Worker core layout – does each Suricata worker thread have its own core? Is the core shared with a hyperthread? Is the core isolated from Linux scheduling (see isolcpus boot parameter)
Worker thread count – for 20Gbps, you should have 20-30 worker threads. Of course, the exact number depends on the type of traffic, network protocols used, and other deployment factors including positioning – Is Suricata seeing North/South and/or East/West. The first is traffic between the internet (“North”) and your intranet. The second is traffic within your intranet.
Linux IRQ handling of network interrupts. You’re using irq_affinity so ideally, the Suricata worker threads would be affined to those cores.
Flow distribution – There are often “elephant flows” within an organization’s intranet. These can be excluded from the traffic shown to Suricata – look at Suri’s BPF capabilities.

Sean · November 29, 2021, 8:32pm

I’ll try to throw suggestions up as time permits.

If the NIC is on NUMA node 1, change the IRQ affinity to CPU3 - only. Make sure CPU3 isn’t listed in any of the rest of the confit.
Change the worker CPU set to the NUMA node 1 CPUs that are:

Not on CPU the NIC is using to service interrupts - so NOT CPU3
Not the HT CPU of CPU3 - so NOT CPU 27
Keep 1st CPU of Each core free for housekeeping, and possibly the same for it’s HT CPU - so NOT CPU1.
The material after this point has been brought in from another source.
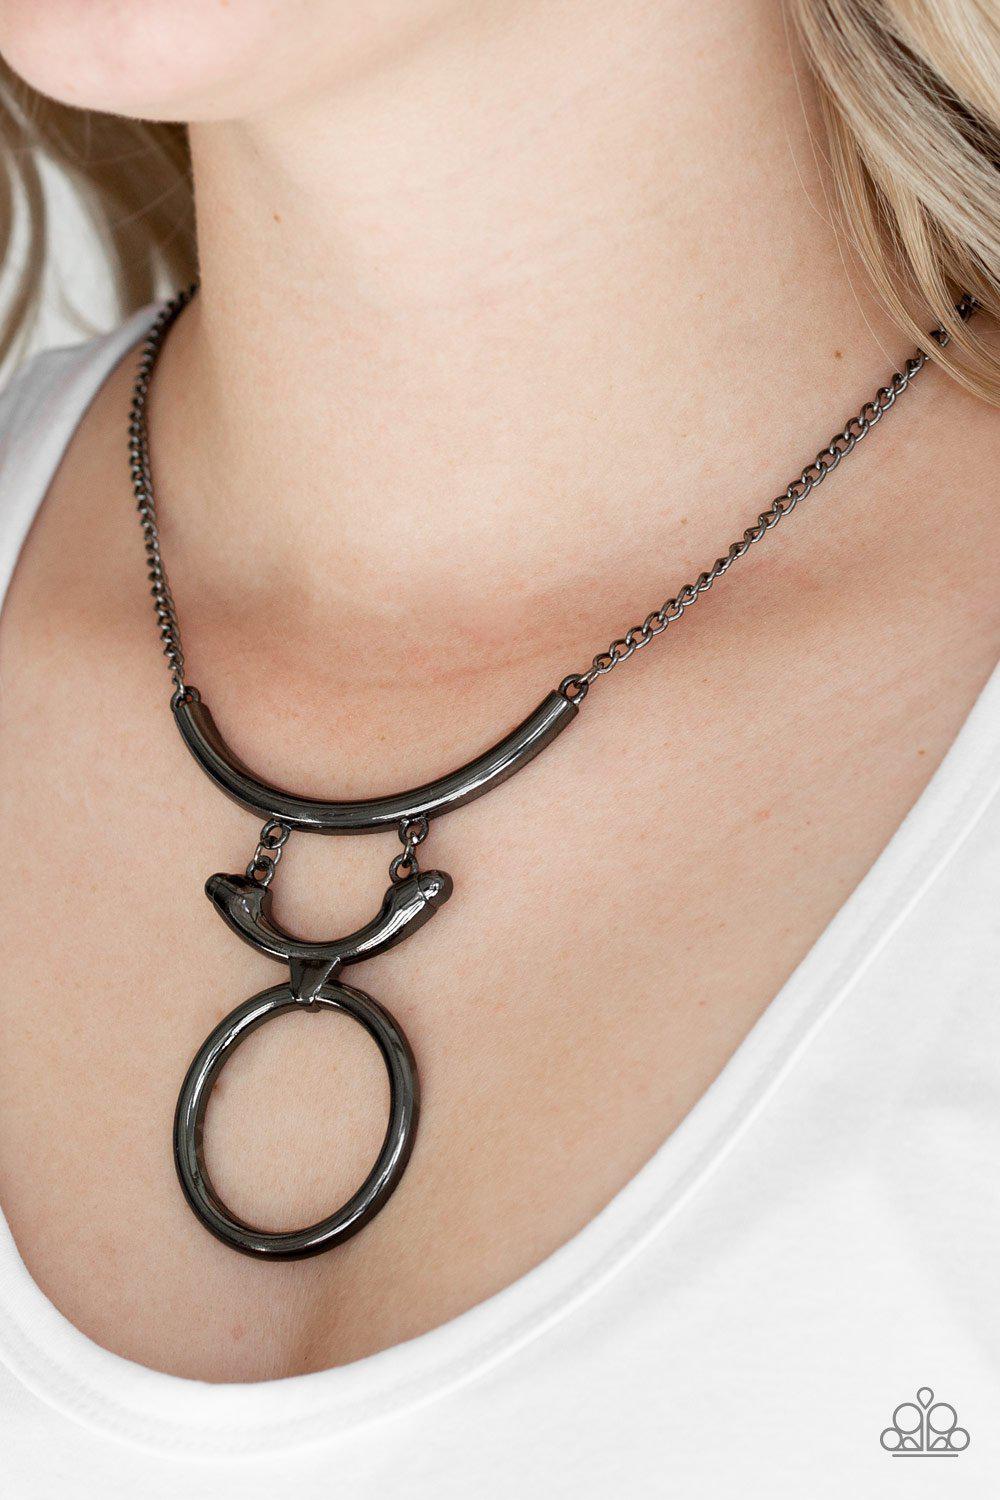 Walk Like An Egyptian Gunmetal Black Necklace - Paparazzi Accessories - model -CarasShop.com - $5 Jewelry by Cara Jewels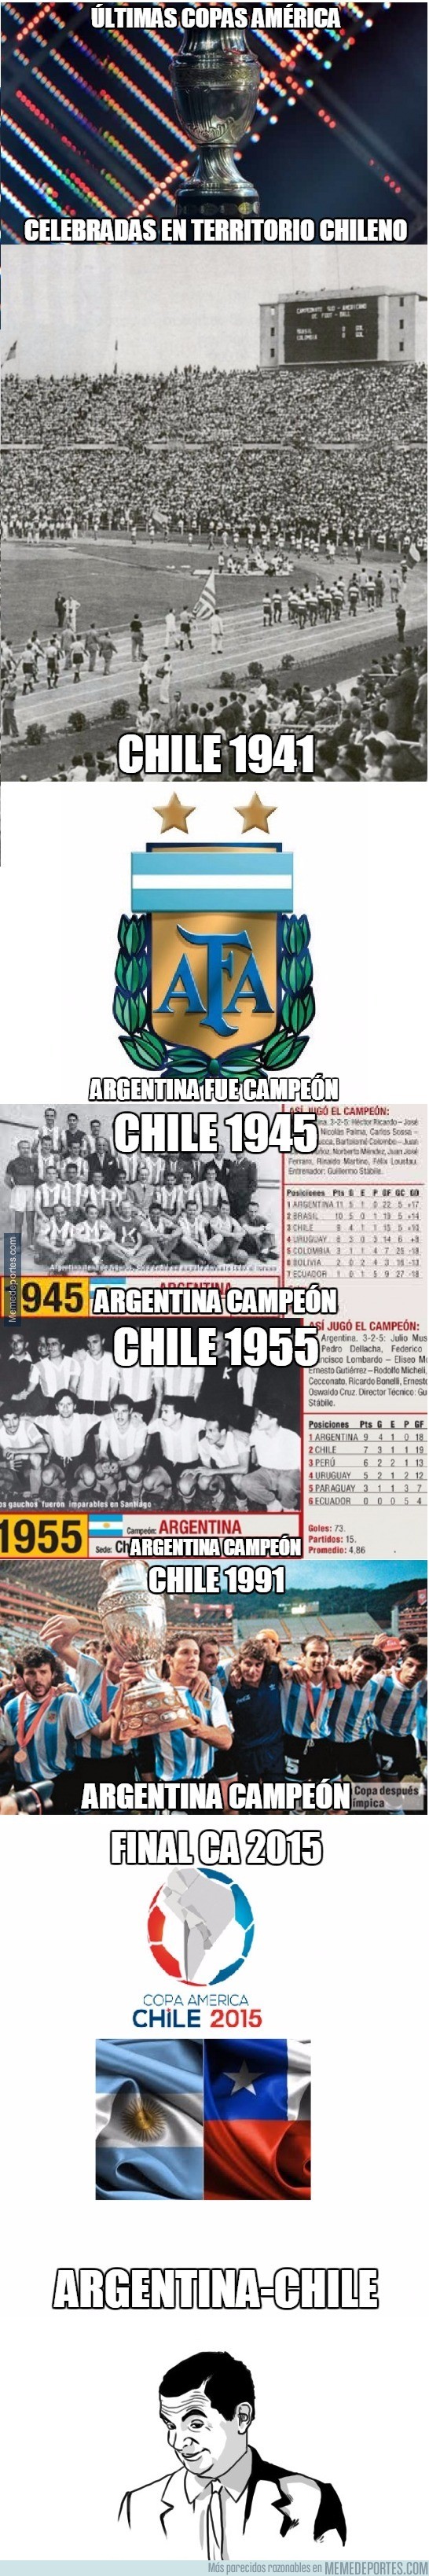 609159 - La historia de una Argentina campeona

I would suggest for worker-CPU set: 5 7 9 11 13 15 17 19 21 23 29 31 33 35 37 39 41 43 45 47

Use the above list for the PRIO field for the list of CPUs

Change Management to CPU 25 - IIRC you don’t need much in horsepower for that.
Remove the CPUs assigned to the Receive CPU-SET as I don’t think that it is active in worker mode. Those lines can be remarked out.
Change threads to the number of CPUs in the worker cpu set - 20.
Change the AF-PACKET threads to match - again 20.